Флейм начала плакать, и я прижал ее к себе. Так мы простояли долго; голова Флейм лежала на моем плече, я обнимал ее и изо всех сил старался верить в то, что все будет хорошо…
Мы все еще стояли обнявшись, когда через некоторое время Дек принес завтрак. Он был, как всегда, жизнерадостен и переполнен вопросами – а также ответами на мои, даже не высказанные.
– Из Ступицы еще нет новостей, – сообщил он. – Все еще неизвестно, все ли в порядке с Блейз и Келом – пережили ли они наводнение…
Я кинул на него свирепый взгляд – мне совсем не хотелось, чтобы сейчас Флейм начала тревожиться о Блейз, но Дек остался безмятежным.
– Блейз? – переспросила Флейм, насторожившись. Ее голос прозвучал совсем как в прежние времена. – Она в беде? Зачем она отправилась в Ступицу? Этот подлый выродок Датрик сдерет с нее с живой кожу! У этой женщины водоросли вместо мозгов! И о каком наводнении вы говорите?
– У нее не было особого выбора – плыть в Ступицу или нет, – сообщил Дек. – Она была в кандалах…
Я поспешно перебил его:
– Это долгая история. Ей на выручку отправился Келвин. Я уверен, что с ней все в порядке. – Было так много всего, чего, на мой взгляд, Флейм пока еще не следовало знать. Она это, конечно, поняла: немного было такого, что я мог бы скрыть от Флейм Виндрайдер.
Подарив мне взгляд, который заставил мой язык прилипнуть к небу, она сосредоточила внимание на единственном человеке, который рассказал бы ей все как есть.
– Начни сначала, парень, – сказала она, – и ничего не скрывай. С того момента, когда мы расстались на Плавучей Заросли на Порфе. И не вздумай о чемто умолчать!
Потом, когда Дек уже ушел, Флейм потрясенно посмотрела на меня.
– Это изза того, – сказал я, – что ты сделала для нее, когда явилась в Крид. Ведь именно тогда… тогда и был зачат ребенок. Блейз хотела попытаться все исправить.
* * *
Через три дня Гильдия разрешила плавание по заливу. Блейз и Келвин прибыли первым же баркасом.
Райдер задержал Келвина в приемной: ему хотелось узнать, что произошло в Ступице, а Блейз ворвалась в комнату Флейм. Войдя, она помедлила, и на этот раз все ее чувства были написаны у нее на лице. Надежда, страх, радость – все то, что обычно Блейз скрывала, – быстро сменяли друг друга.
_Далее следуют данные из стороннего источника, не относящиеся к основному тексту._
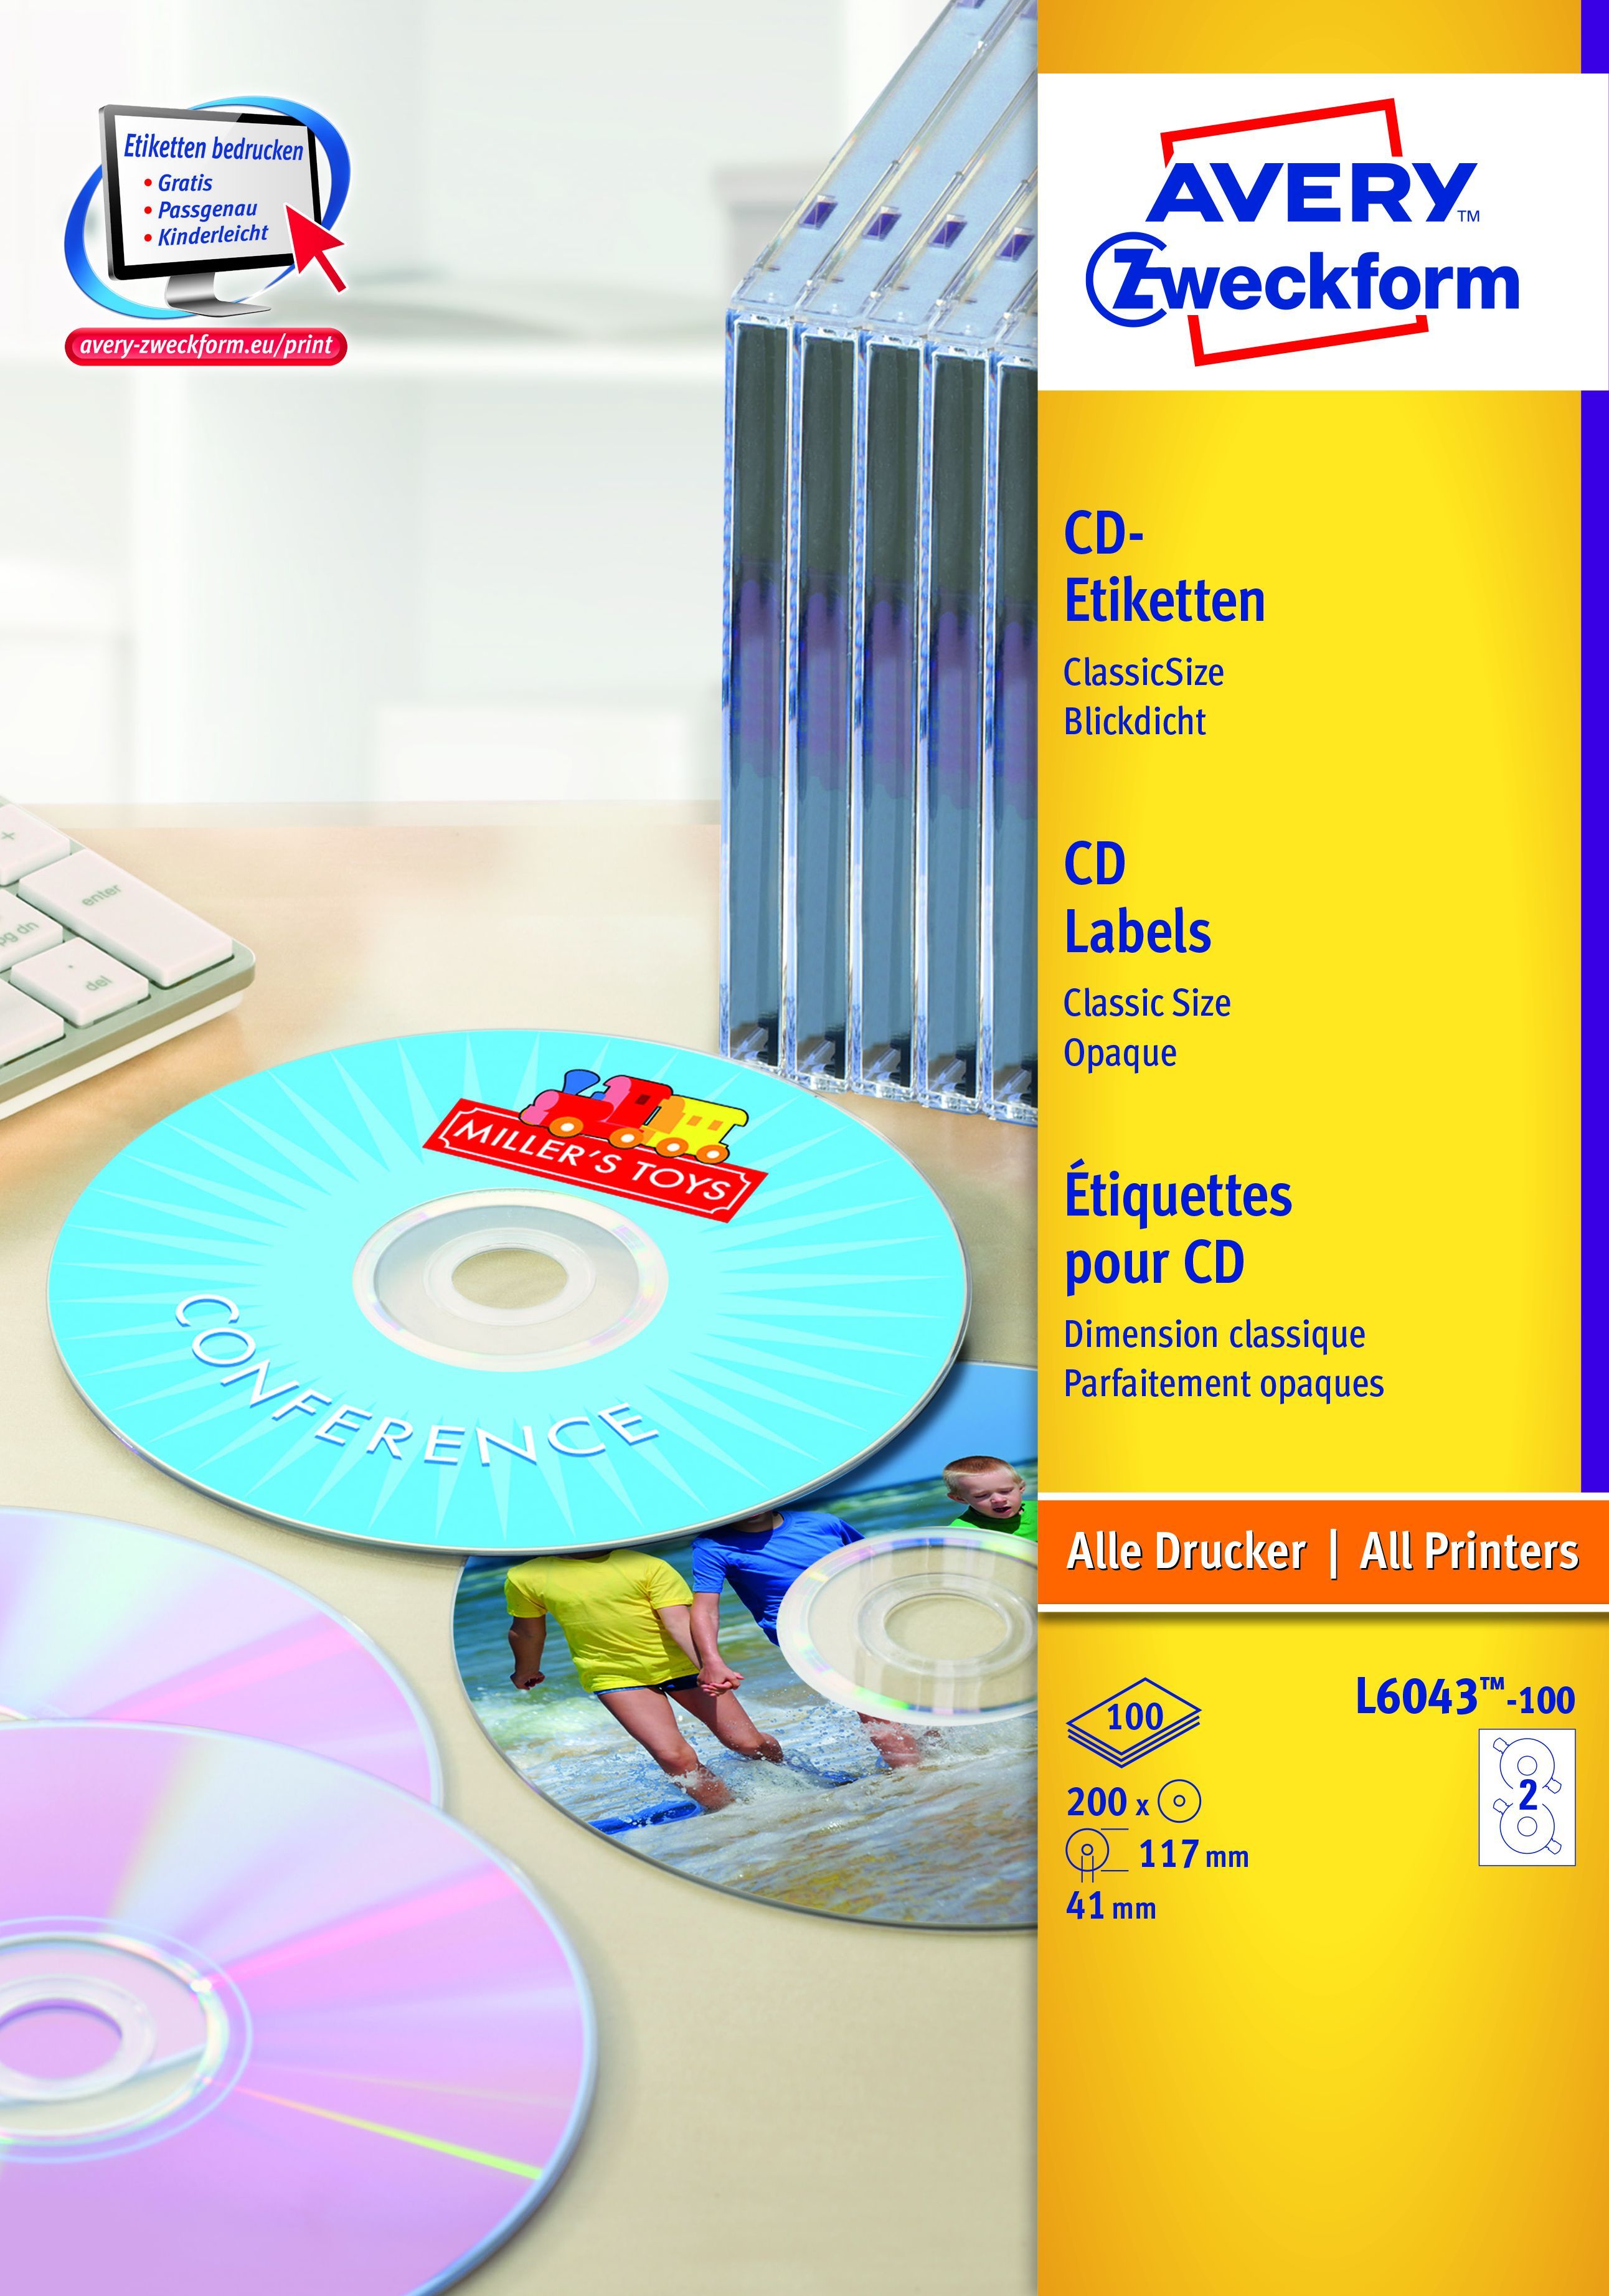 L6043-100 CD-Etiketten, Ø 117 mm, 100 Blatt/200 Etiketten, weiß

– Флейм, – сказала она и умолкла.
Они кинулись друг другу в объятия; Флейм всхлипывала, а Блейз неловко похлопывала ее по спине. Я вышел из комнаты и закрыл за собой дверь, стараясь прогнать чувство ревности.
В том, как Флейм смотрела на Блейз, было нечто, чего не хватало в ее взгляде, когда она смотрела на меня. Полное доверие, полная открытость, отчаянная мольба об утешении… об оправдании. На месте Блейз должен был бы быть я.
«Счастливый конец бывает только в сказках, которые в гнездах рассказывают птенцам», – подумал я.
Мы радовались, конечно. Все последующие дни были наполнены радостью, когда мы удостоверились, что во Флейм не осталось и следа дунмагии, а силы начали к ней возвращаться. Мы радовались, когда она в первый раз засмеялась в ответ на какуюто шутку Дека. Мы радовались тому, что она не жалеет об исчезновение своего дара силва.
– Кому, ради Великой Бездны, это нужно? – почти легкомысленно говорила она. – Силвмагия принесла мне больше горя, чем радости. Я чувствую себя в гораздо большей безопасности с тех пор, как стала обладать Взглядом. Мне ужасно нравится такое ощущение. Чувство… – она не сразу нашла слово, – чувство товарищества. Вы все время говорили о родстве душ, но я до сих пор не понимала, что вы имеете в виду. – Говоря это, Флейм с любовью смотрела на меня.
Однако были и другие эмоции…
Ужас, когда я понял, как глубоко она ранена. Боль, когда я видел, как она хрупка, когда замечал, как мучает ее неспособность забывать все то зло, которое причинили ей, и избавиться от чувства вины за то, что совершила она…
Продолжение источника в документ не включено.